I'm fairly sure that the dog team is expected to cast around to acquire the trail. Go to Jeff's site and watch the trails run. When I'd taught at seminars he was teaching at, he had videos after dinner. I spent many nights in a chair in the back just watching because trailing just mystifies me. Early on when I started my first dog, we were expected to create jack-of-all-trades dogs. So, I put a basic trailing foundation on her. At two years of age, my dog and I got assigned a trailing demo which I was pretty sure was meant to make us look bad. The trail was nothing to brag about and my flanker was second guessing my dog the entire 1/2 mile trail. I think the only saving grace was it was a foggy damp day and that I kept track of when I knew my dog was on scent or not. I had no issue going back to the last point on scent and restarting. We restarted three times. At the end my dog is having me lift it up 4-to-5 foot slick boulders to a plateau. Once up, she walks over to a flat piece of ground, looks at it, and barks. Again the flanker is berating me and my dog for this foolish lark until we hear the female fireman cooing "good girl" at my dog from her hole down in the rocks. My one and ONLY trail. Our scent article was her vehicle and we were pointed in a general direction. 
Oh, all the way back, my flanker is on the radio tellling everyone what a super dog I have and what a great trail we'd run.....yea right.....oh, and no, he didn't know where she was either, so I'm guessing this made the trail a double-blind as we were out on our lonesome.

*grin* oh yea, this was an airedale, not a bloodhound....

Jim


----------



## Dave Colborn

*Re: What the skeptics say:*



Jim Delbridge said:


> I'm fairly sure that the dog team is expected to cast around to acquire the trail.

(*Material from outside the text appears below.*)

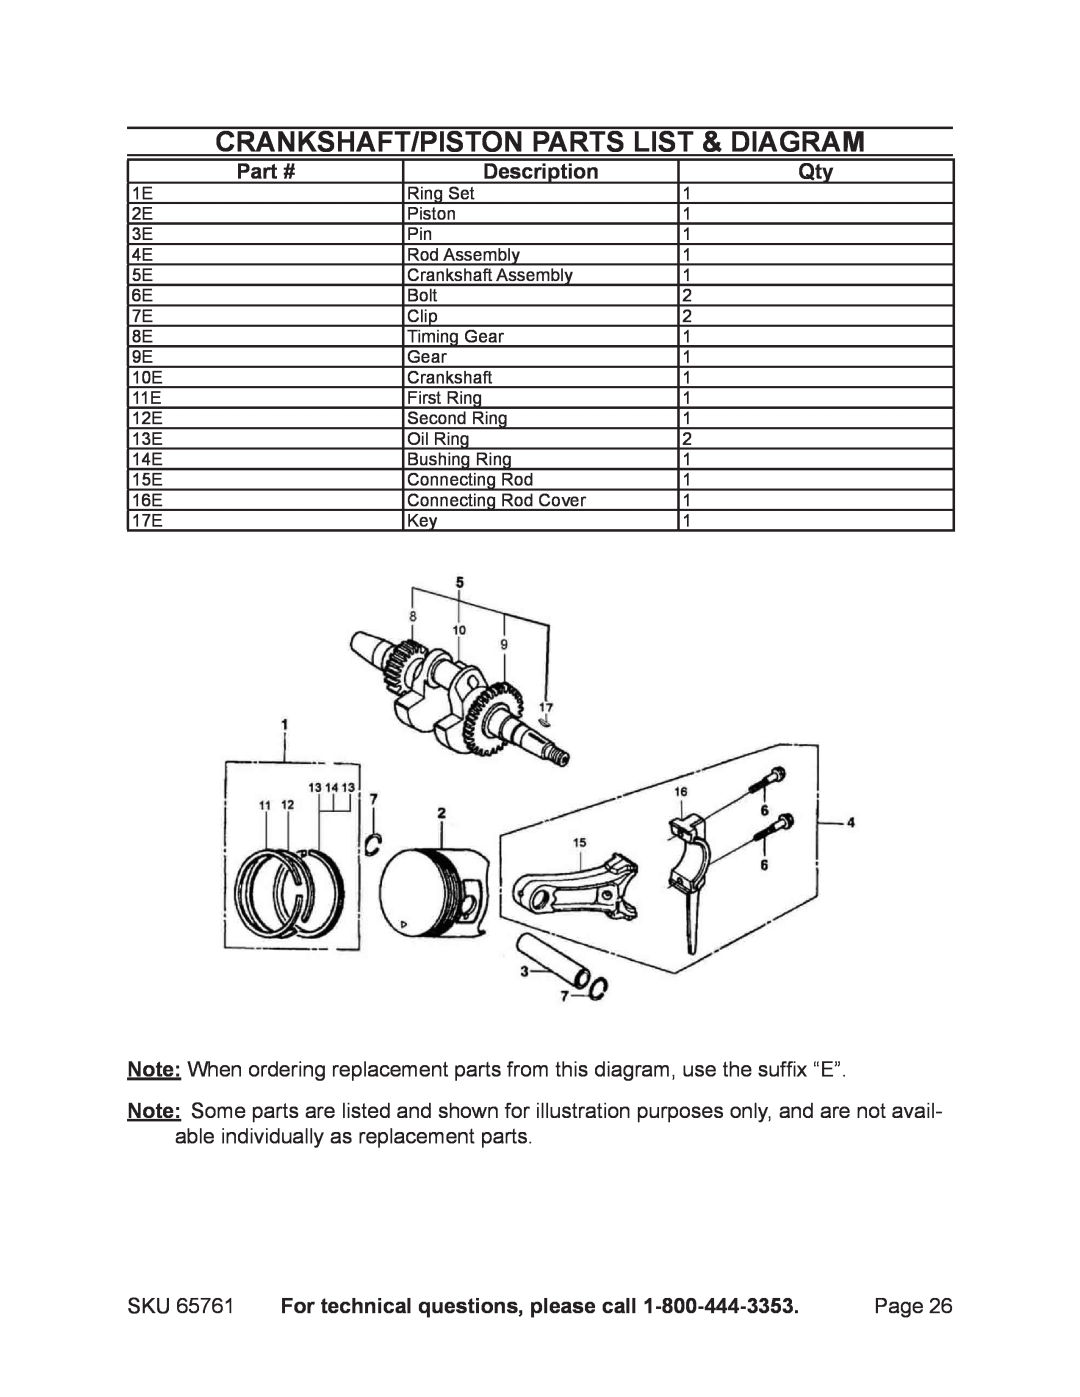 Harbor Freight Tools 65761 manual Crankshaft/Piston Parts List & Diagram, Description, For technical questions, please call

Go to Jeff's site and watch the trails run. When I'd taught at seminars he was teaching at, he had videos after dinner. I spent many nights in a chair in the back just watching because trailing just mystifies me. Early on when I started my first dog, we were expected to create jack-of-all-trades dogs. So, I put a basic trailing foundation on her. At two years of age, my dog and I got assigned a trailing demo which I was pretty sure was meant to make us look bad. The trail was nothing to brag about and my flanker was second guessing my dog the entire 1/2 mile trail. I think the only saving grace was it was a foggy damp day and that I kept track of when I knew my dog was on scent or not. I had no issue going back to the last point on scent and restarting. We restarted three times. At the end my dog is having me lift it up 4-to-5 foot slick boulders to a plateau. Once up, she walks over to a flat piece of ground, looks at it, and barks. Again the flanker is berating me and my dog for this foolish lark until we hear the female fireman cooing "good girl" at my dog from her hole down in the rocks. My one and ONLY trail. Our scent article was her vehicle and we were pointed in a general direction.
> Oh, all the way back, my flanker is on the radio tellling everyone what a super dog I have and what a great trail we'd run.....yea right.....oh, and no, he didn't know where she was either, so I'm guessing this made the trail a double-blind as we were out on our lonesome.
> 
> *grin* oh yea, this was an airedale, not a bloodhound....
> 
> Jim


Amazing what a trained dog with a competent handler can do :grin:

Could you link his site please, sir.


----------



## Jim Delbridge

*Re: What the skeptics say:*



Dave Colborn said:


> Amazing what a trained dog with a competent handler can do :grin:
> 
> Could you link his site please, sir.


 
While I can hold my own in HRD, neither I nor my dog were competent in trailing. I basically was pissed at being set up to fail (politics of the time) and hoped my dog and I could muddle through it. We got lucky. If it was a real life situation, I would have refused. 
I've only observed at trailing seminars when I had a chance to catch my breath from other duties. Please know that I was not trying to brag. In the beginning, the only reason my dog and I survived was those trying to control were worse at dogs than I was. Such experiences cause some to leave SAR. I just became more determined to learn all I could. Now, I'm in a niche where my dogs and I can hunt with or/despite the SAR community, so life is good.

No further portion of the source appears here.